TASK MATERIAL:
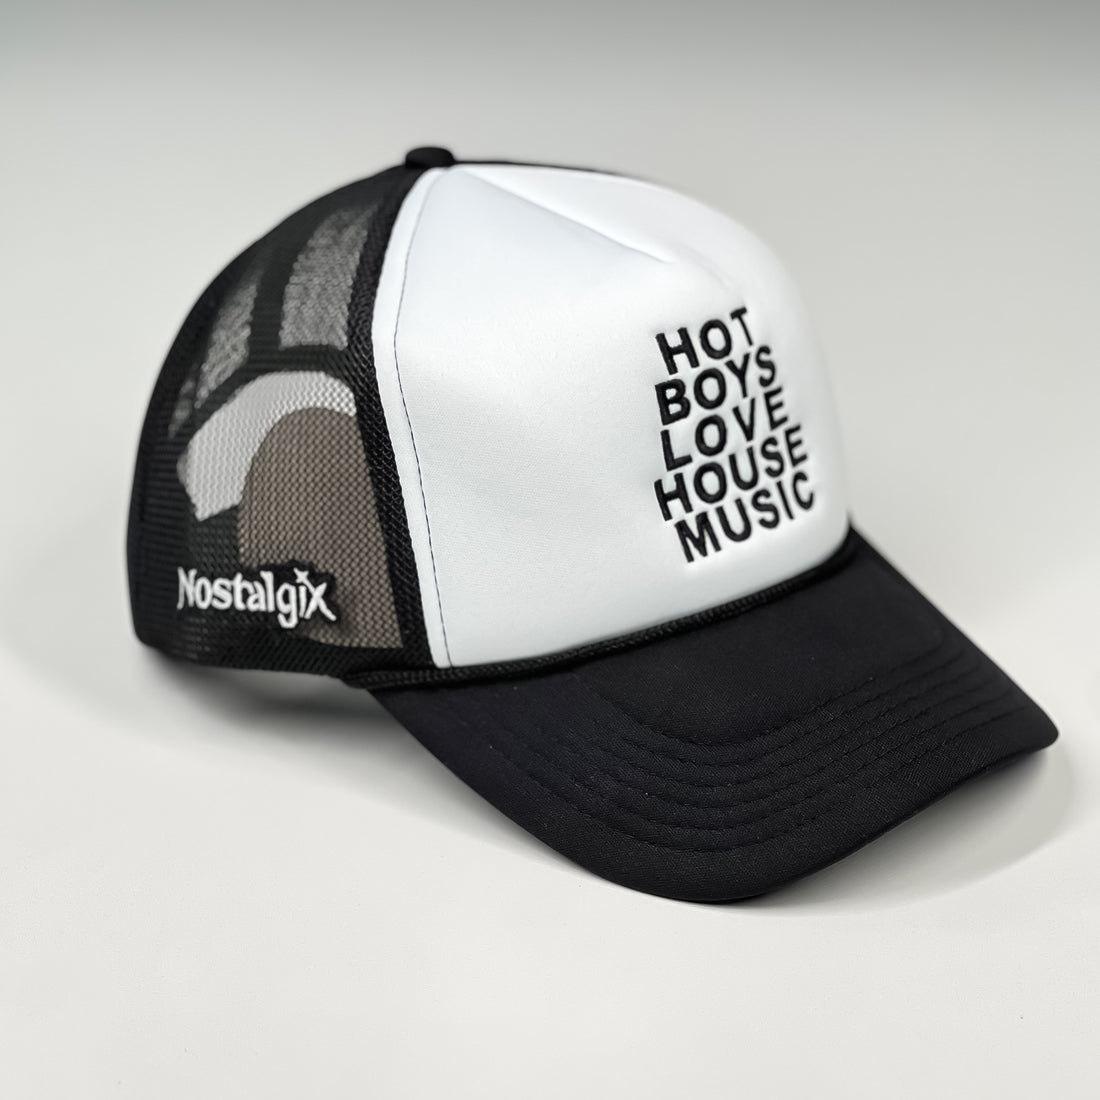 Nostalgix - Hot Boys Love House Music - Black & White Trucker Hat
* * *
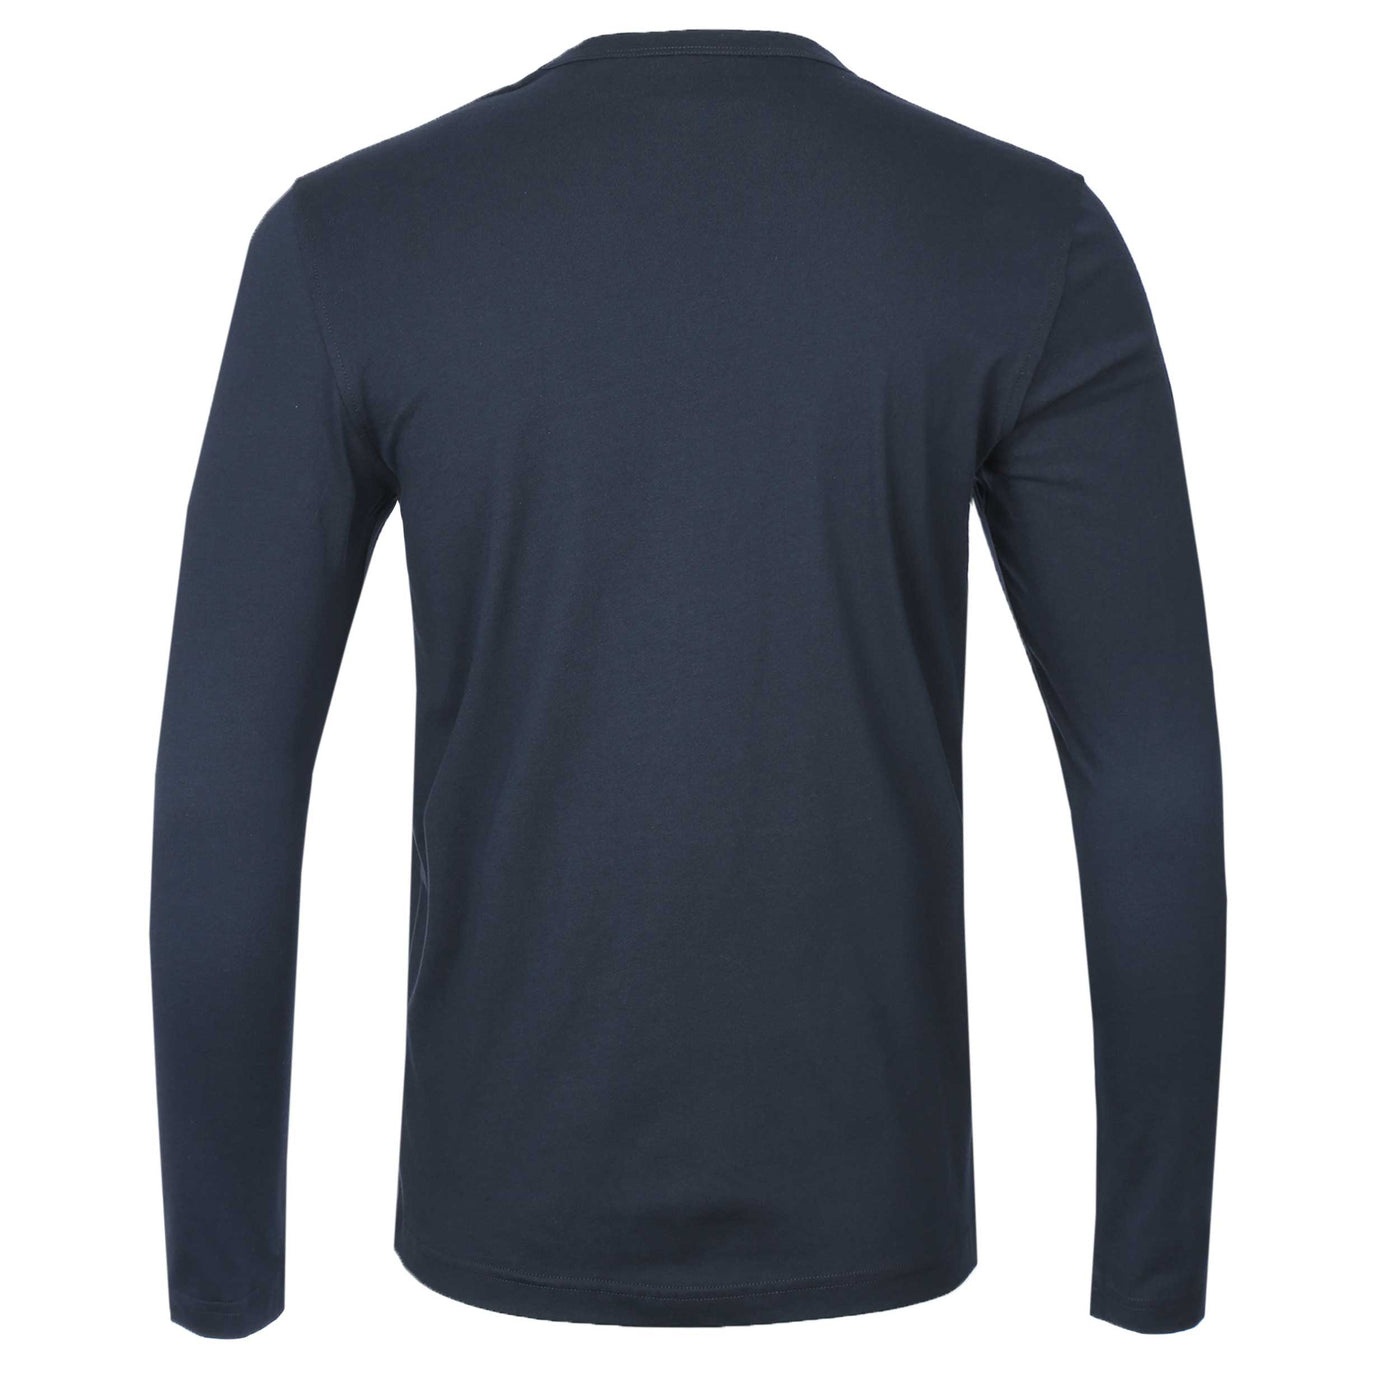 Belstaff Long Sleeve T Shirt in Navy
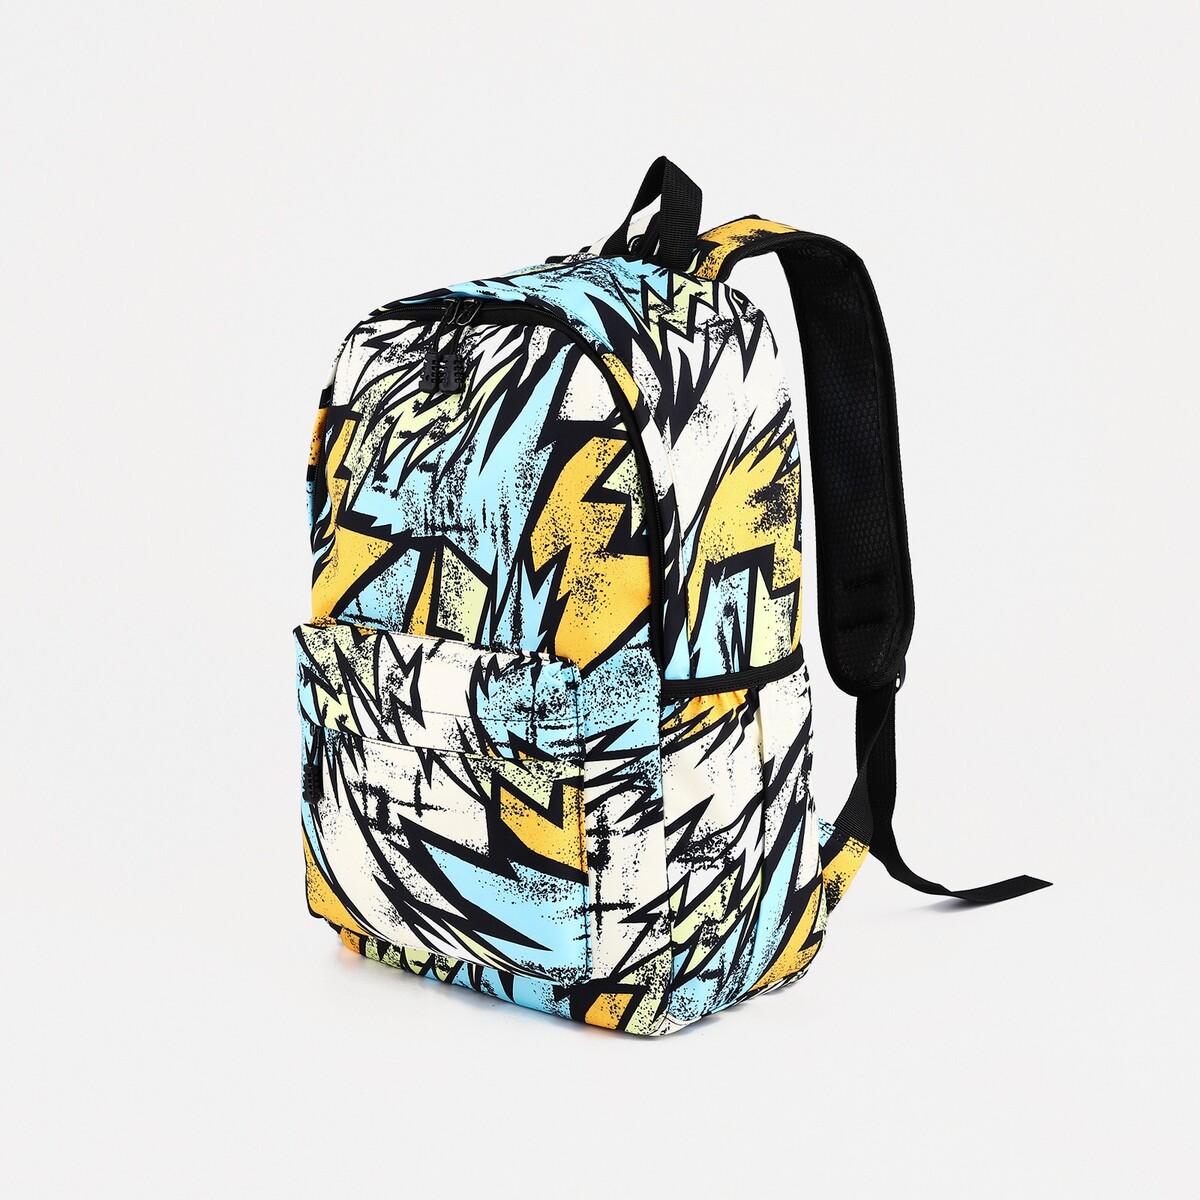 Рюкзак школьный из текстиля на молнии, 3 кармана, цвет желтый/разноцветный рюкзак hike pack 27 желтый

EXERCISE REQUIREMENTS:
Quote word for word only the lines above from the one containing "Belstaff Long Sleeve T Shirt in Navy" through the one containing "Рюкзак школьный из". Pictures stay out of your copy.

REPLY TO THE EXERCISE:
 Belstaff Long Sleeve T Shirt in Navy
 Рюкзак школьный из текстиля на молнии, 3 кармана, цвет желтый/разноцветный рюкзак hike pack 27 желтый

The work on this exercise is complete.